I have added a new feature to this blog - maps. Click on one of the links above and you get a zoomable Google Map with pins connected to the 'locations' of my earlier posts (see example above). Over the years I haven't written specifically about individual places of course, so the geotags tend to relate where relevant to the main subject of the artwork, or of one of the artworks discussed. Some landscapes have been non-specific, ideal or imaginary so the maps do not include all my old posts. As I write this, I have not yet finished going back through them all and adding tags - enjoyable but laborious, even if it is improving my geography. It is throwing up a few interesting problems; I found, for example, that Anahorish, celebrated in poetry by Seamus Heaney, officially 'doesn't exist'. There are some technical limitations to the maps (no embedded audio or video), and to the way RSS feeds work that mean I have had to split posts over several maps rather than having just one (nor can I host them here, so thanks to my friend John for putting the code on his own site). Also, these are not really designed for small mobile devices, although they do work on my iPad.
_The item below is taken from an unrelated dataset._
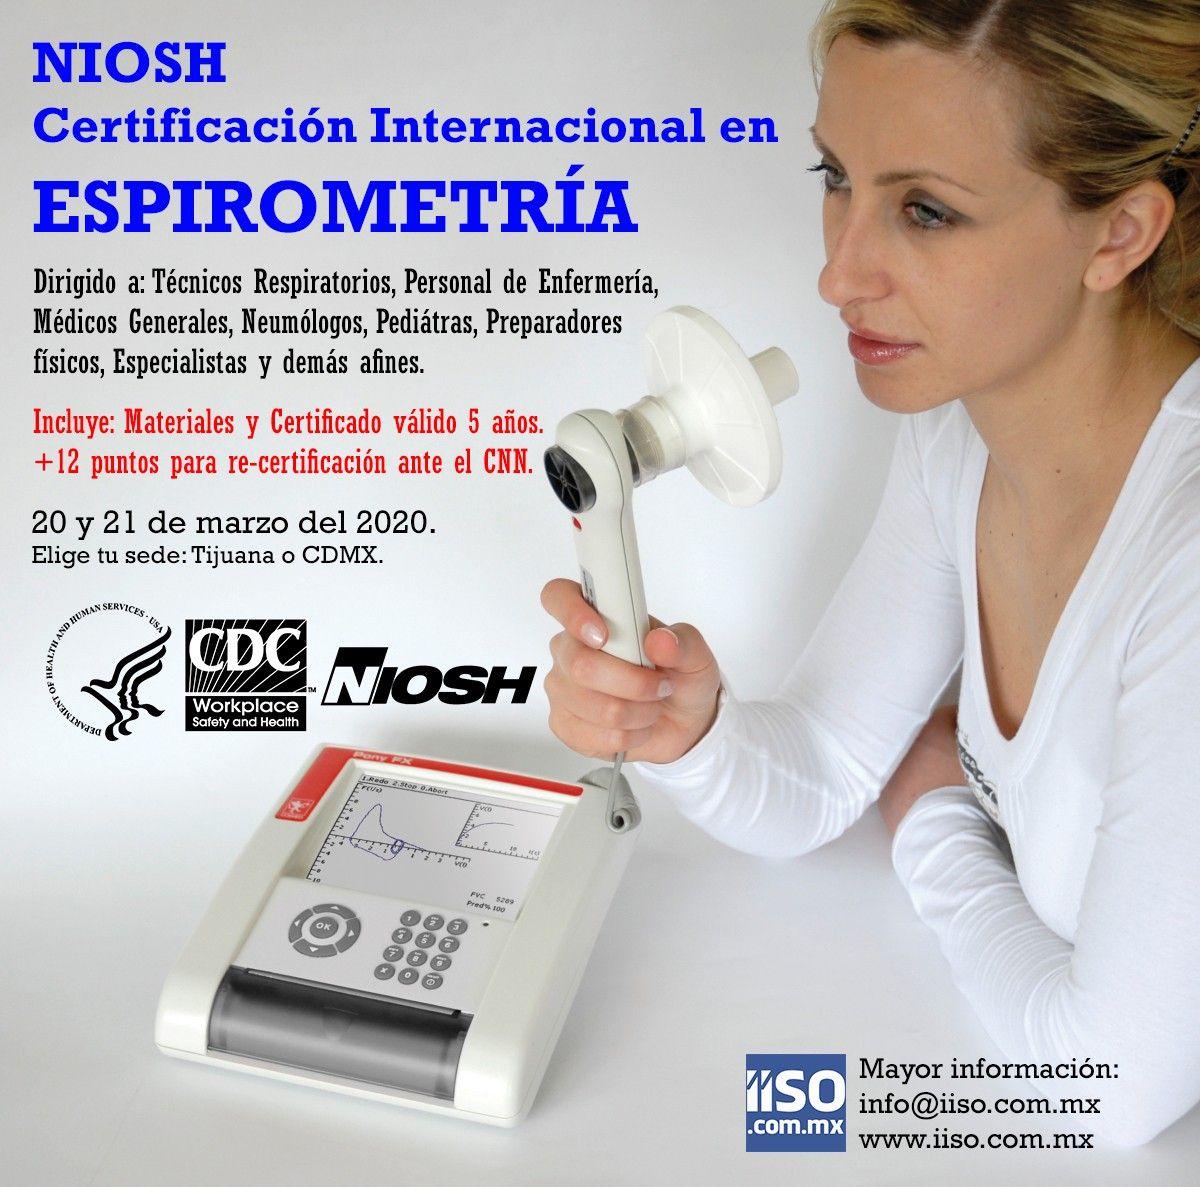 NIOSH-SPIRO-2020

Frans Post, View of Pernambuco, Brazil, ca. 1637-44
For me it has been interesting seeing where I have and haven't written about - very little on South America for example. Googling Brazil and landscape art I see that that, apart from the renowned landscape architect Roberto Burle Marx, you tend to get references to a seventeenth century Dutchman, Frans Post. He is an interesting artist. The familiar view of colonial painters is that they were conditioned by European attitudes and painting conventions, excluding as much as they included, producing views that resemble the Roman Campagna with added palm trees. Whilst Post was in Brazil, he managed to make it resemble the Netherlands with low horizons and grey skies, but he also included details taken directly from nature. Once he was back, colour flooded in and his compositions became more idealised, whilst the figures (often slaves) were relegated to mere details. In 1648 he painted the landscape elements of a Biblical scene, the Sacrifice of Manoah, giving it a Brazilian setting, complete with armadillo and iguana. According to Seymour Slive, in his survey of Dutch Painting 1600-1800, 'the rather naive quality of Post's pictures has earned him the title of the 'Douanier Rousseau' of the seventeenth century'.